The city, named Stanyslaviv (Stanisławów), was erected as a fortress to protect the Polish-Lithuanian Commonwealth from Tatar invasions and to reinforce the region in case of some other Khmelnytsky Uprising would occur. It was built on the site of the village of Zabolotiv, which had been known since 1435.[4] The village and the land around it were purchased by Stanisław Rewera Potocki from another Polish nobleman Rzeczkowski. The area was utilised for recreation, in and particular hunting. The city's name was later coined by the Stanisław's son, Polish nobleman Andrzej Potocki commemorating it to his father.[2][5]

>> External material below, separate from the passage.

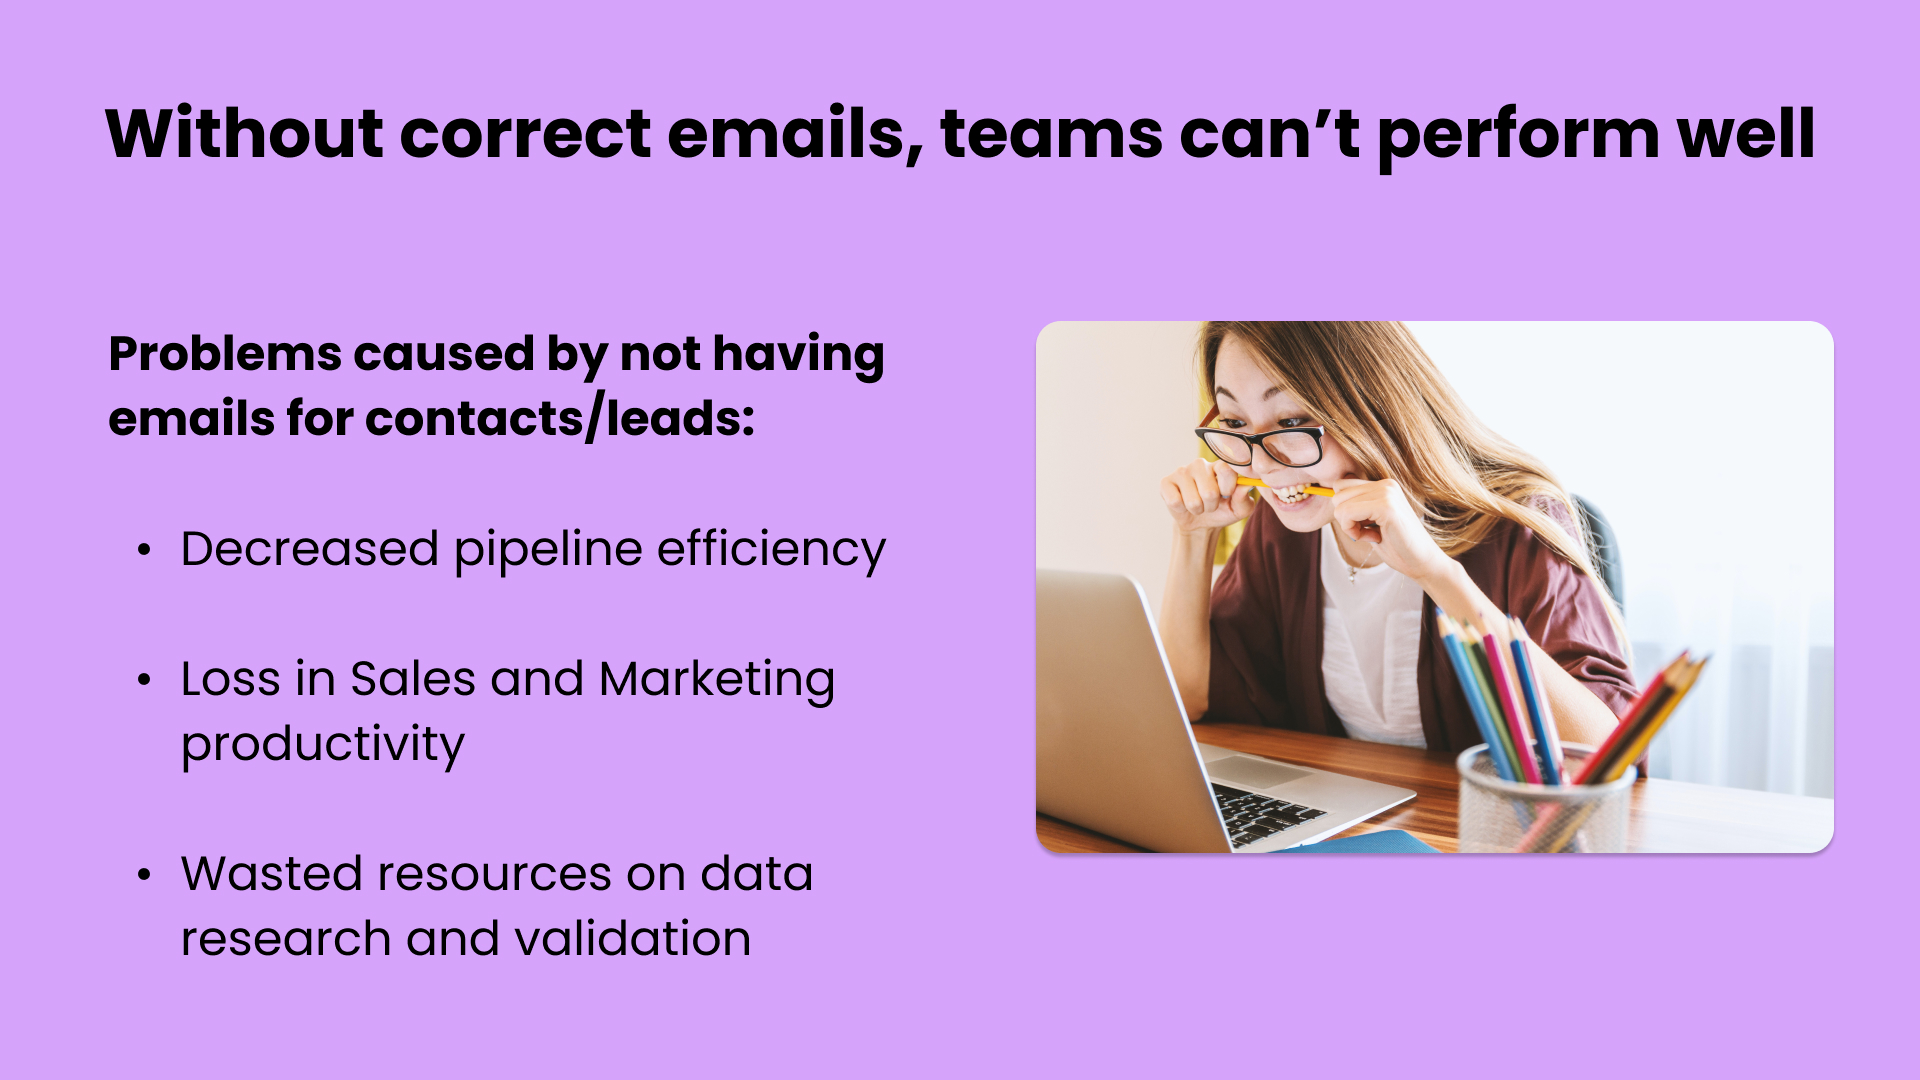 The problems of bad emails include decreased pipeline efficiency, loss in productivity and wasted resources.

Andrzej received the Magdeburg rights for his city from the hands of Jan Casimir in 1662. The first architect of the Stanisławow castle was from Avignon, Francisco Corasini at the time when Andrzej initiated the redesigning of the Zabolotiv village into the city of Stanislav in 1650. The city had two main gates which were known as the Halytska gate and Tysmenytska gate. The alternative names were Lvivska and Kamianetska respectively. The names were given for the direction in which they were facing. There was one more smaller gate known as Armenian or Zabolocki. Also a new large fortified Potocki palace was erected in the place of older smaller wooden one. Today this building serves as the military hospital. In the same year Jews were granted rights of permanent settlement and permission to engage in work and commerce as "residents among the Polish-Ruthenian and Armenian nation", as well as "rights to leave the city at will".[6] In 1666 the city's first town hall (or ‘ratusha’) was erected and built out of wood.[7] Soon afterwards, when in 1672 the Turks conquered the fortress of Kamianets-Podilskyi, Stanyslaviv, together with Halych, became strongholds against Turkish forces. It was attacked and besieged in 1676, but the Turks did not manage to capture and pillage the city. However, Stanyslaviv was so badly destroyed that in 1677 the Sejm in Warsaw relieved the city of its tax duties.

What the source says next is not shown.